Probability Problem -- Monti Hall Problem

Monti Hall

Mathematical game problems originating from Game Theory:

Once upon a time, a person was given a chance to guess the prize. There were three doors in front of him: A, B, and C. One of them was hidden behind the door, there are no prizes behind the other two doors. The winner does not know which door has a prize, but the host knows which door has a prize. The winner first chooses door A. Instead of opening door A immediately, the host Opens Door B, so that the winner can see that there is no prize behind door B. At this time, the host will give the winner a chance to re-choose and say, "Do you choose a, do you want to change to C ?", So the question came out: If you are the winner, do you choose A or C? Why?

Various proofs:

1. When contestants move to another door rather than continuing to maintain their original choice, the chances of winning the car will double. There are three possible cases, all of which have equal possibilities (1/3 ):

The contestant picked goat 1 and the host picked goat 2. Conversion will win the car.

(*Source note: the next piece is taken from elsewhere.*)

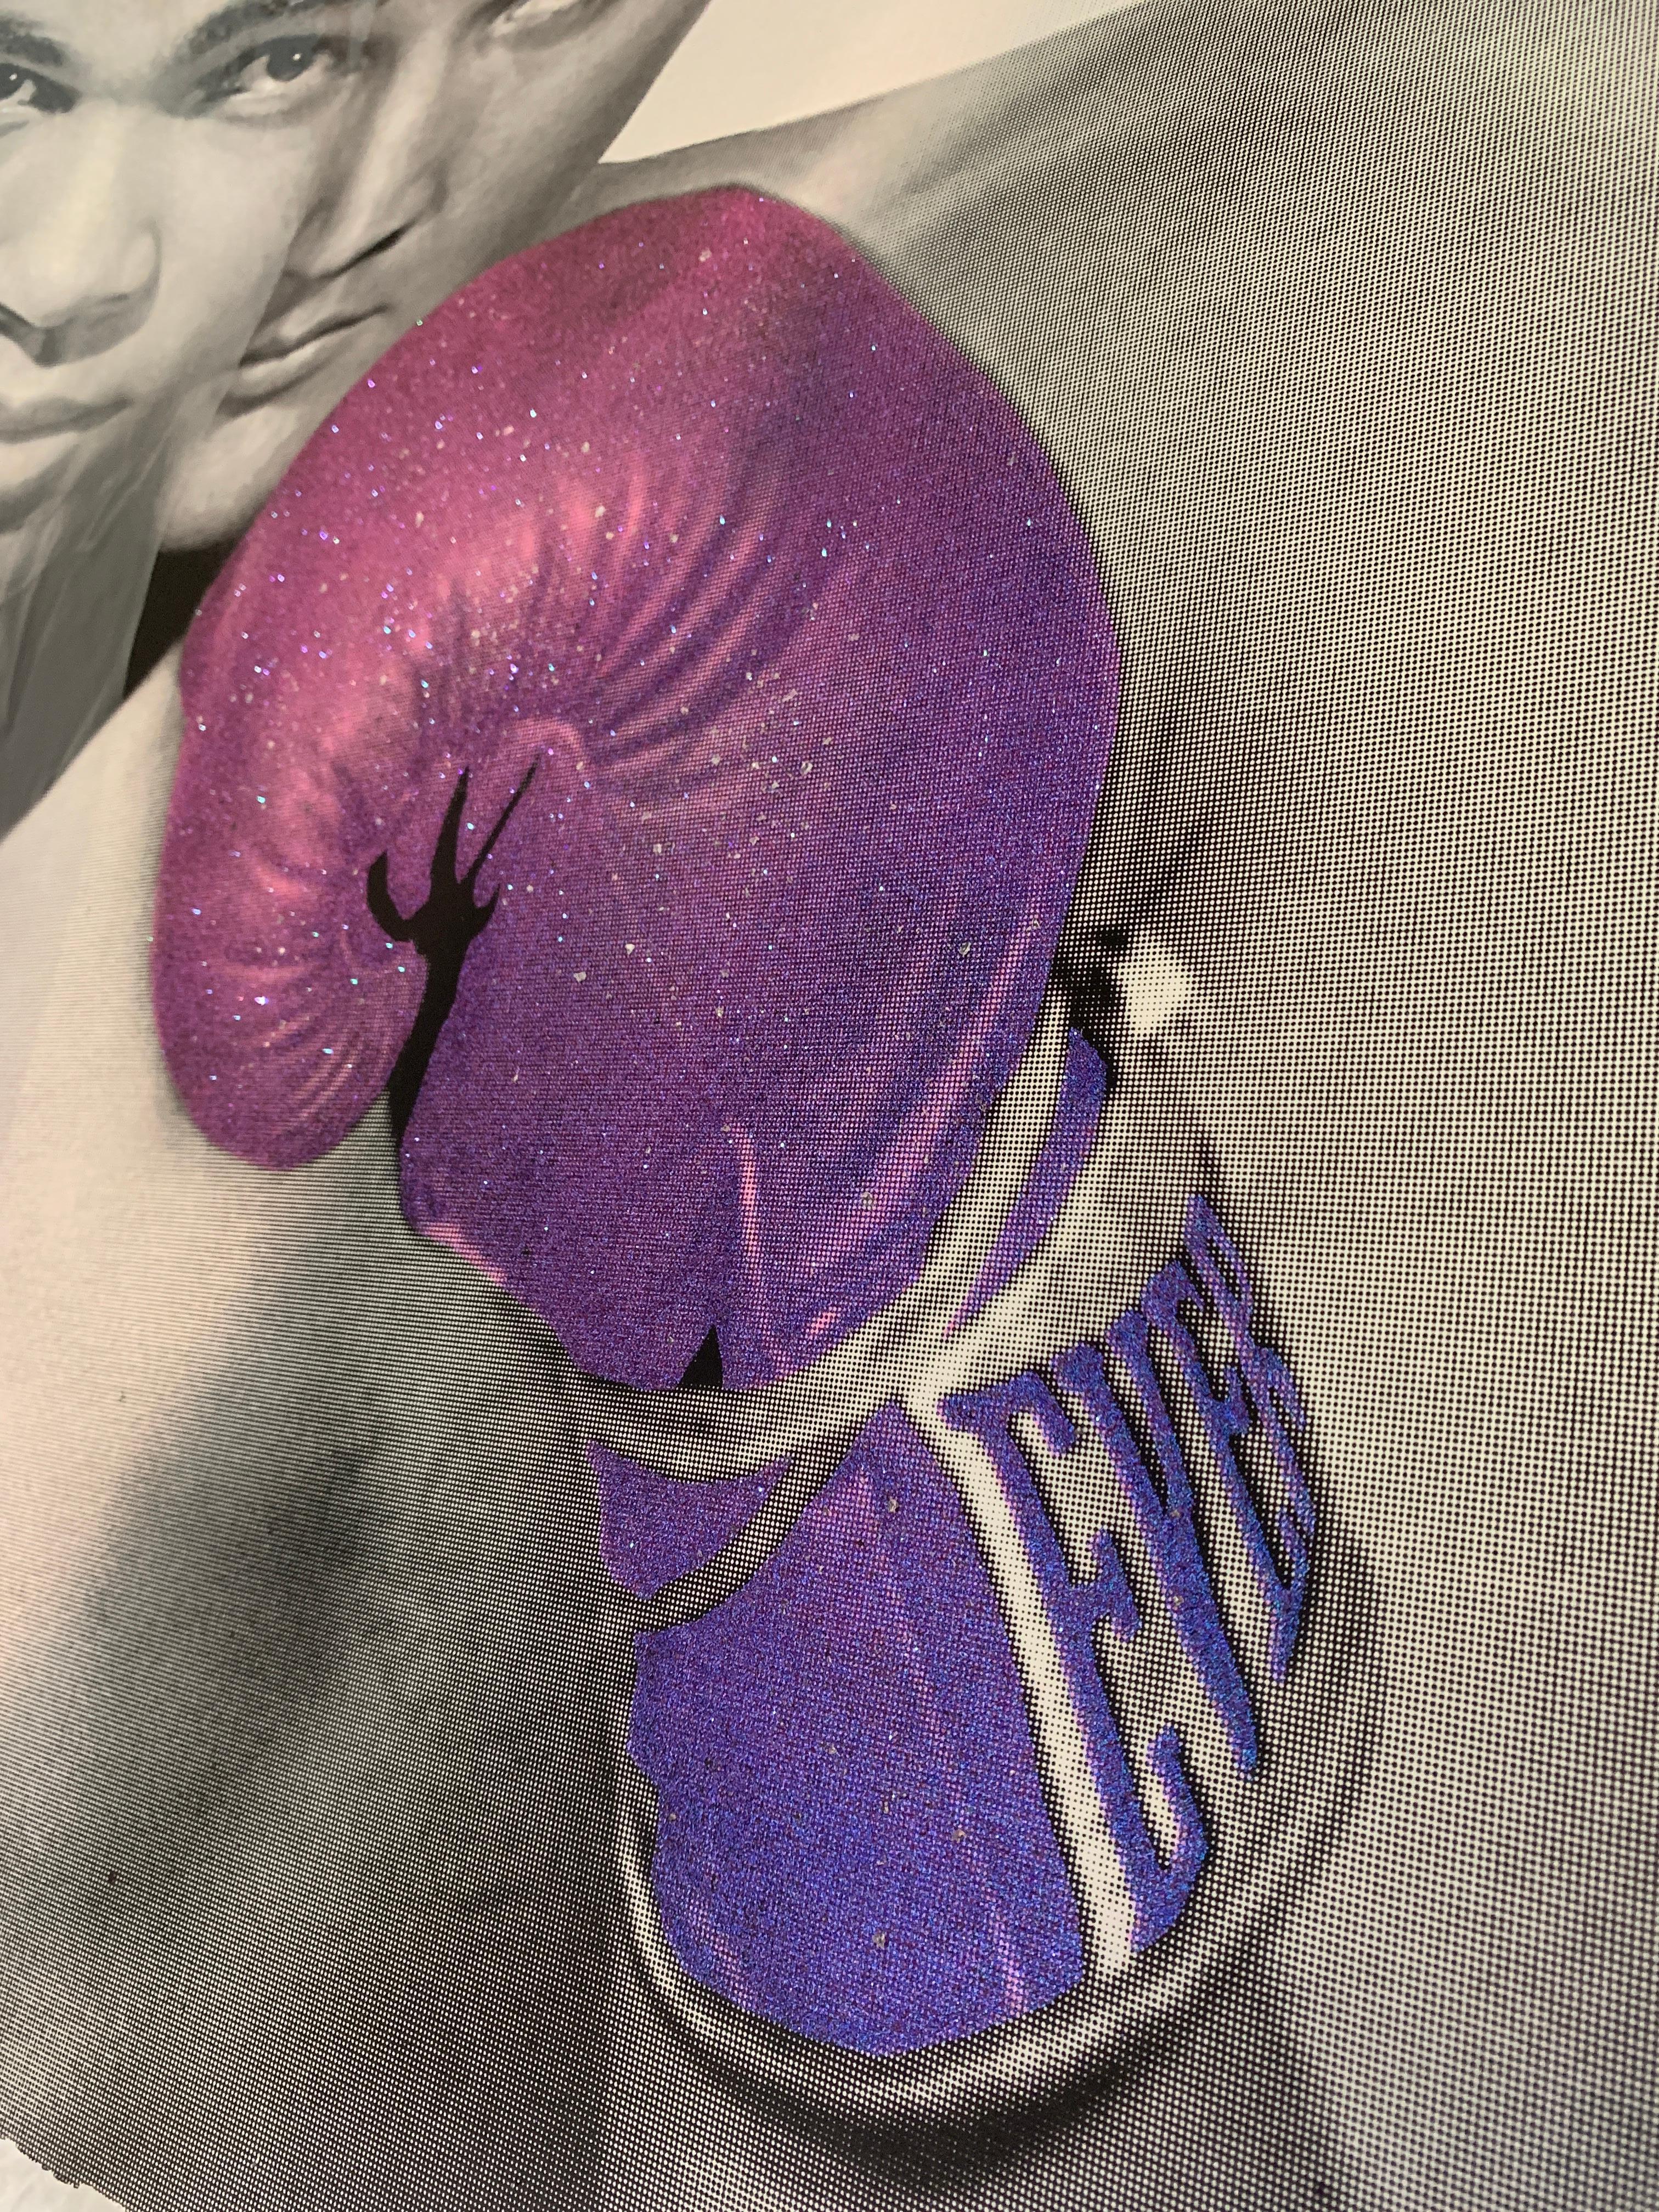 The Greatest Pink/Blue 1/10, by Julian Prolman Elvis Mohammed Ali Boxing Glitter - Pop Art Photograph by House of Orion

The contestant picked goat 2 and the host picked goat 1. Conversion will win the car.

The contestant picked a car and the host picked either of the two goats. Conversion will fail.

In the first two cases, contestants can win the car by switching their options. The third case is the only one where contestants win by keeping their original selections. There are two of the three cases that win through conversion selection, so the probability of winning through conversion selection is 2/3.

2. After the contestant selects a door (A), the probability of the car behind the door is 1/3, and the probability of the remaining two doors (B and C) as a whole is 2/3. When the host opens the remaining two doors, one with goat's door (B), the probability of the remaining two doors (B and C) is only determined by the unopened door (c) therefore, the probability of that door (c) is 2/3.

3. the calculation of this problem requires the knowledge of conditional probability. If a and B are two events and P (B)> 0, P (A then B) is called) = P (A ∩ B)/P (B) is the conditional probability of event a occurring under event B.

Calculate the probability of winning the first prize:

If event a is set to {a winning prize} and Event B is set to {B won't win}, P (A) = 1 \ 3, P (B) = 2 \ 3. If the gamer chooses gate A and the goat is behind Gate B, the probability P (A branch B) = P (A branch B)/P (B) = P (a) * P (B)/P (B) = 1/3.

Therefore, under this condition, the probability of winning a is 1/3.

Calculate the probability of winning the C course:

If event a is set to {BC post prize} and B is set to {B do not win}, P (A) = 2 \ 3, P (B) = 2 \ 3. If the gamer chooses gate A and door B is followed by a goat, the conditional probability P (A branch B) = P (A branch B)/P (B) = P (a) * P (B)/P (B) = 2/3, because door B is followed by goat

Therefore, the probability of winning the C course is equal to the probability of winning the post-BC Course. It is equal to 2/3.

It can be seen that the probability of winning the C course is higher, and C should be selected.

From Baidu encyclopedia-Monti Hall

Another similar problem comes from Yunfeng's blog probability issue.

I don't know what it is, so I have to wait for someone to get it. There are four boxes left, three boxes of beef and one box of mushrooms. According to the current analysis, the probability of my meal being beef is 75%. So I took a box of Beef rice. At this time, two colleagues came to order Beef rice ...... So there is only one mushroom rice and the Beef rice in my hand left. Should I put down the Beef rice and take the mushrooms? Or take Beef rice?